Studies of the mechanism of cytolysis by tumour-infiltrating lymphocytes

Cell lines

Five pairs of autologous tumour cell lines and TIL were derived: four melanoma cell lines (M-1, M-3, M-5 and Mel-EW), one glioma cell line (Gli-PI) and the corresponding TIL. M-1, M-3 and M-5 melanomas and TIL have been previously characterized [52,53]. Mel-EW was derived from a metastatic melanoma patient and Gli-PI from a glioma. Cultures supplemented with IL-2 demonstrated propagation of activated T cells in those specimens containing lymphocytic infiltrates. These cultures were kept in IL-2 and restimulated with phytohaemagglutinin (PHA) and irradiated feeder cells every 2–4 weeks to enhance proliferation, as previously described [54]. Other cell lines used included Jurkat (derived from a T cell leukaemia), U-937 (derived from a promonocytic leukaemia) and K562 (from an erythroleukaemia). These cell lines were obtained from ATCC (Rockville, MD).

Cloning of TIL cultures

T cell clones were obtained by limiting dilution as previously reported [27,55]. Limiting dilution of IL-2-propagated TIL was performed within 4 weeks from original establishment of the culture.

Antibodies

TIL (bulk cultures and clones) were studied with a panel of MoAbs which included anti-CD3, CD4, CD8 (Ortho Diagnostic System, Raritan, NJ). MoAbs were used to stain cells in an indirect immunofluorescence test followed by analysis using a Becton Dickinson FACScan (Palo Alto, CA). Fas expression was detected by anti-Fas CH-11 MoAb obtained from UBI (Lake Placid, NY). Fas expression was also studied after pre-incubation of tumour cells with interferon-gamma (IFN-γ) as previously described in detail [53]. FasL expression was detected on TIL activated for 3 h in culture with PHA, anti-CD3 (purified OKT3 from Ortho, used at appropriate dilutions) or phorbol myristate acetate (PMA) and Ca-ionophore (ionomycin, obtained from Sigma (St Louis, MO) and used at 3 μg/ml), with a polyclonal rabbit anti-FasL (N-20) serum (Santa Cruz Biotechnology, Santa Cruz, CA), in an indirect immunofluorescence test with an anti-rabbit immunoglobulin FITC serum.

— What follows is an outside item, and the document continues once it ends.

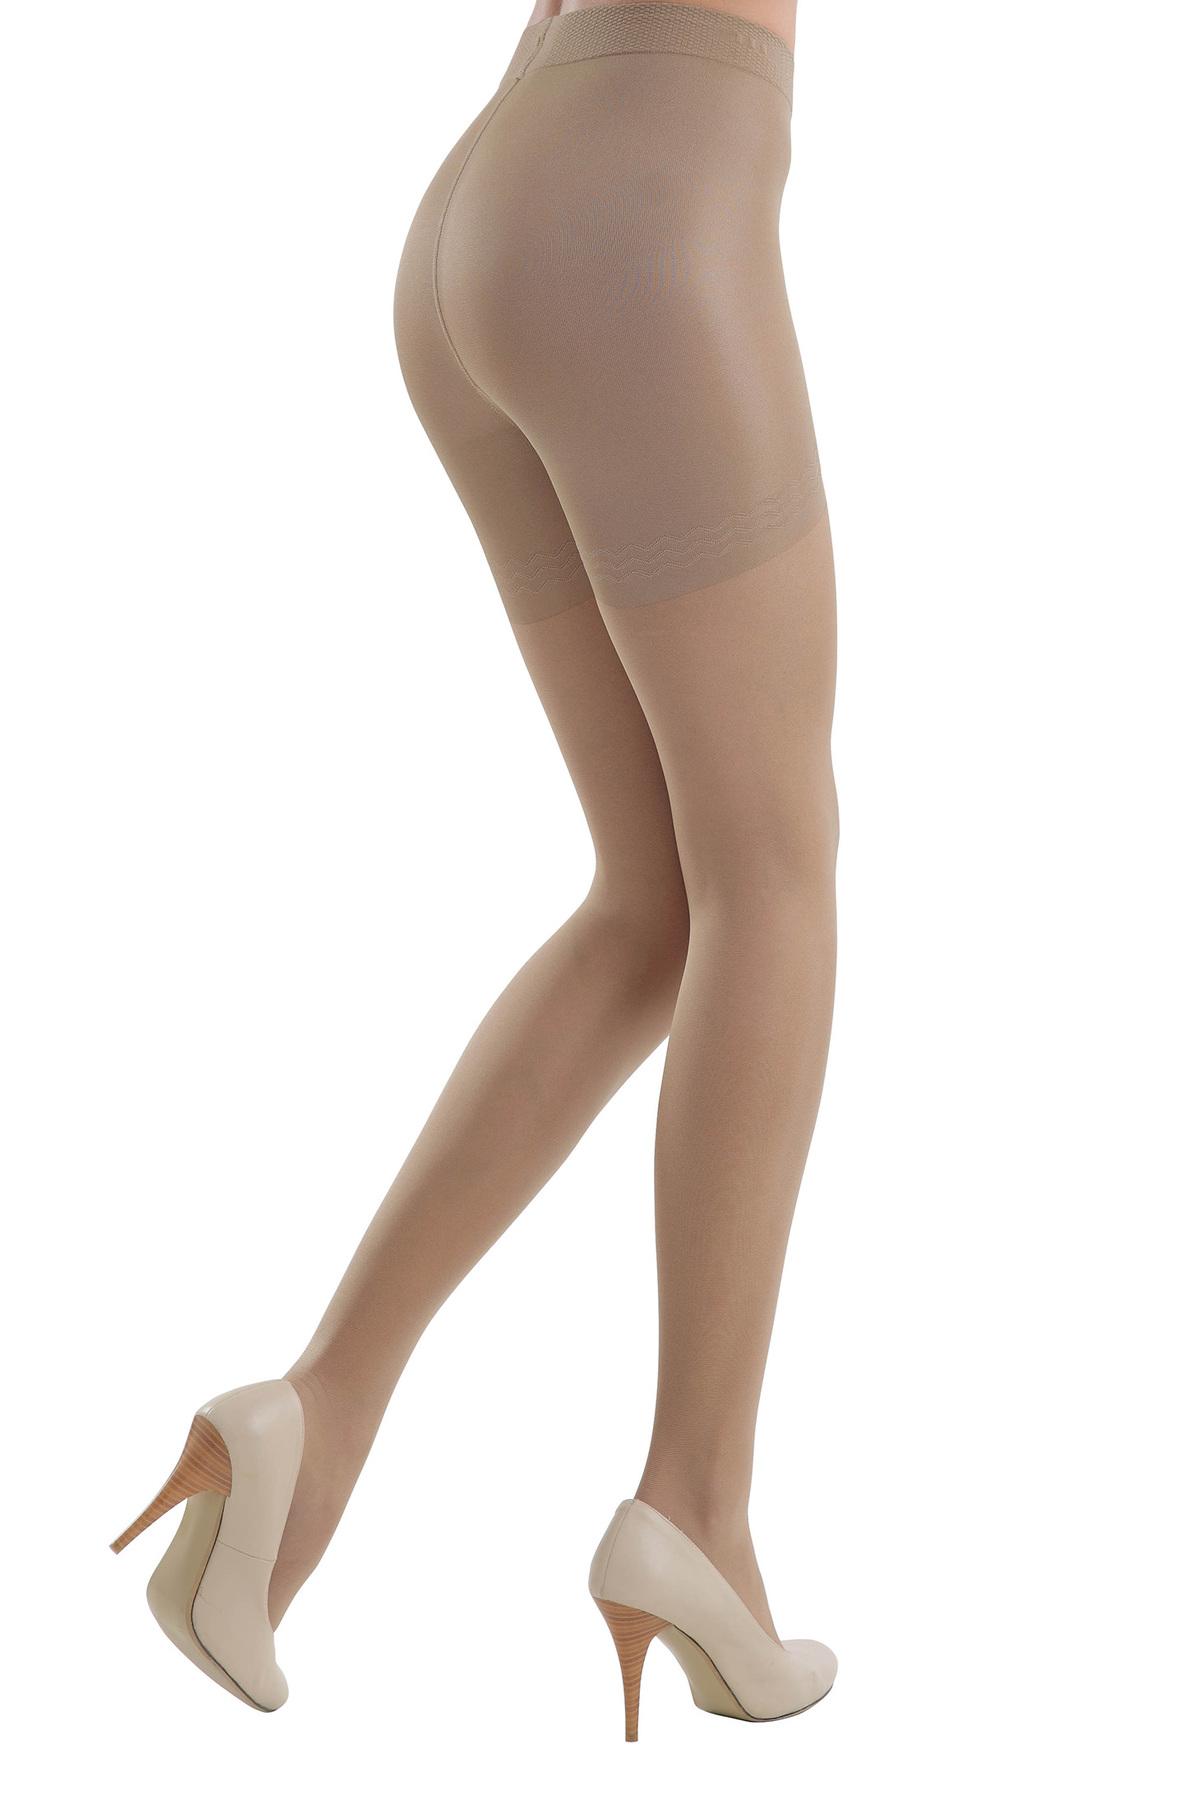 Dres dama modelator nude 20 den banda elastica care nu aluneca

Anti-Fas IgM CH-11 antibody was also used to test susceptibility to Fas-mediated lysis by tumour cell lines at the concentration of 0.5 μg/ml. Anti-Fas MoAb (IgG ZB4; Immunotech, Westbrook, ME) was used at a concentration of 1 μg/ml to inhibit Fas-mediated lysis.

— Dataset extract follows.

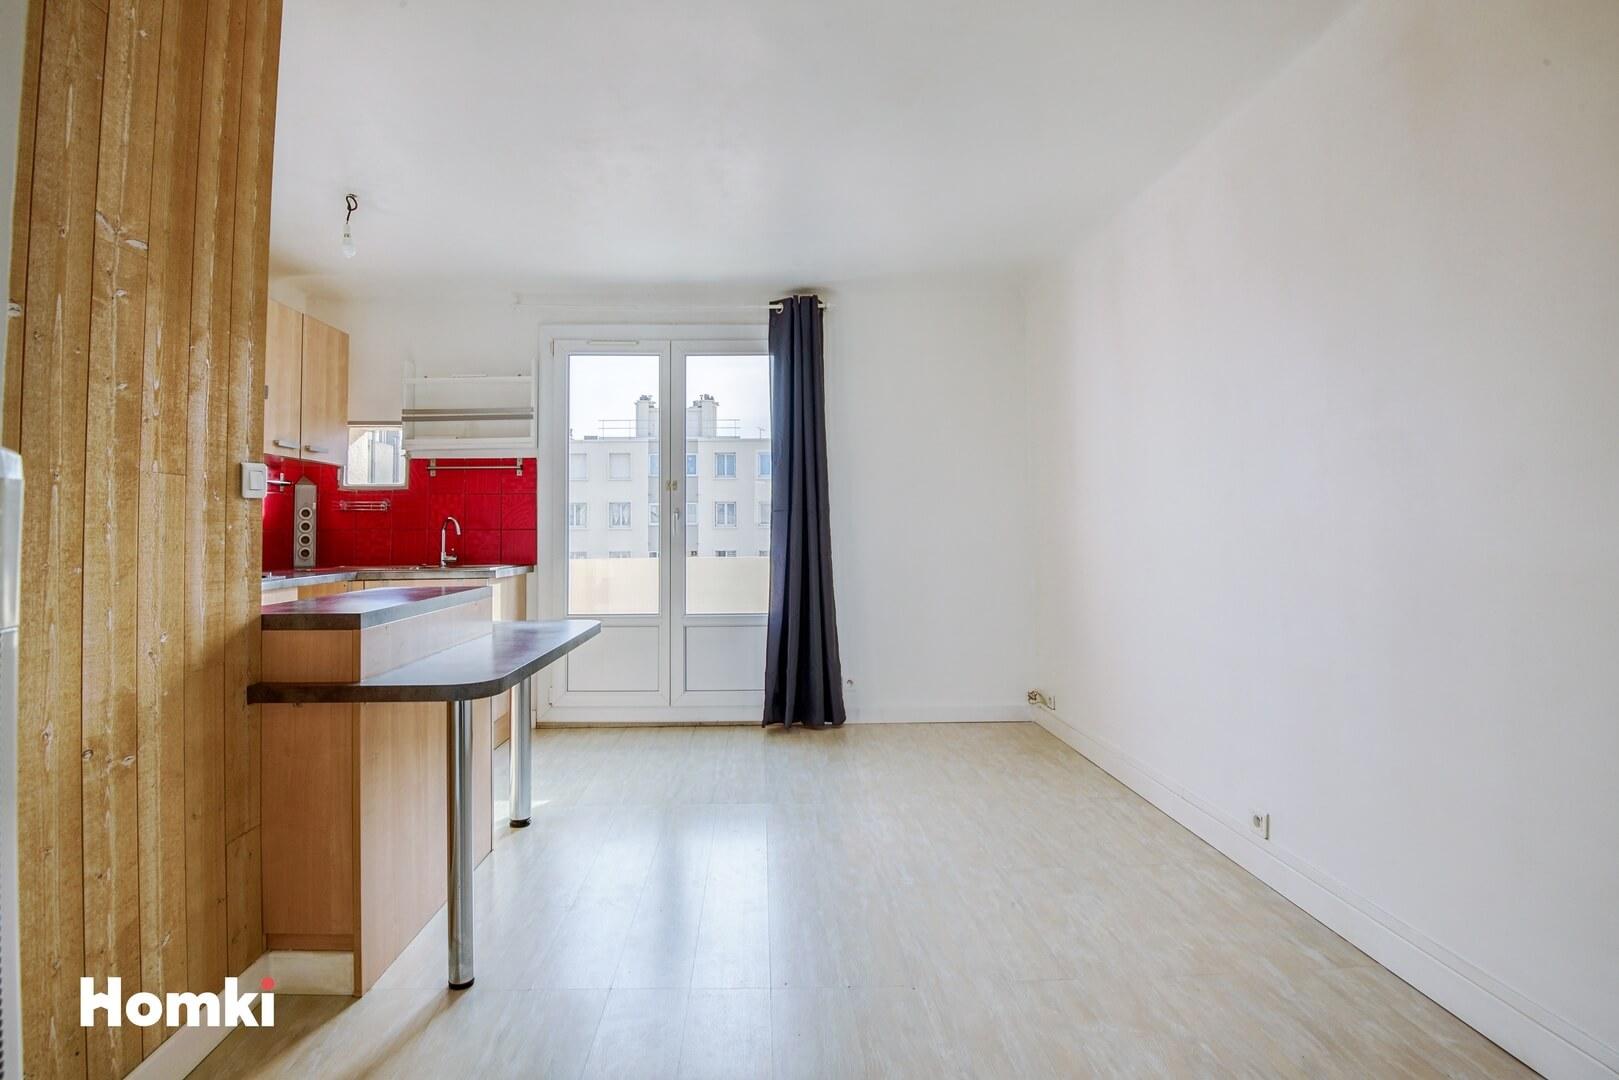 Homki - Vente Appartement  de 36.0 m² à Marseille 13004

Perforin accumulations were detected in the cytoplasm of cytocentrifuged smears by immunofluorescence with an anti-perforin antibody (obtained from Kamiya Biomedical Co., Thousand Oaks, CA), and used at a concentration of 150 μg/ml. The percentage of stained cells was calculated from a minimum of 200 cells counted, with cells scored as positive if they contained distinctly fluorescent granules.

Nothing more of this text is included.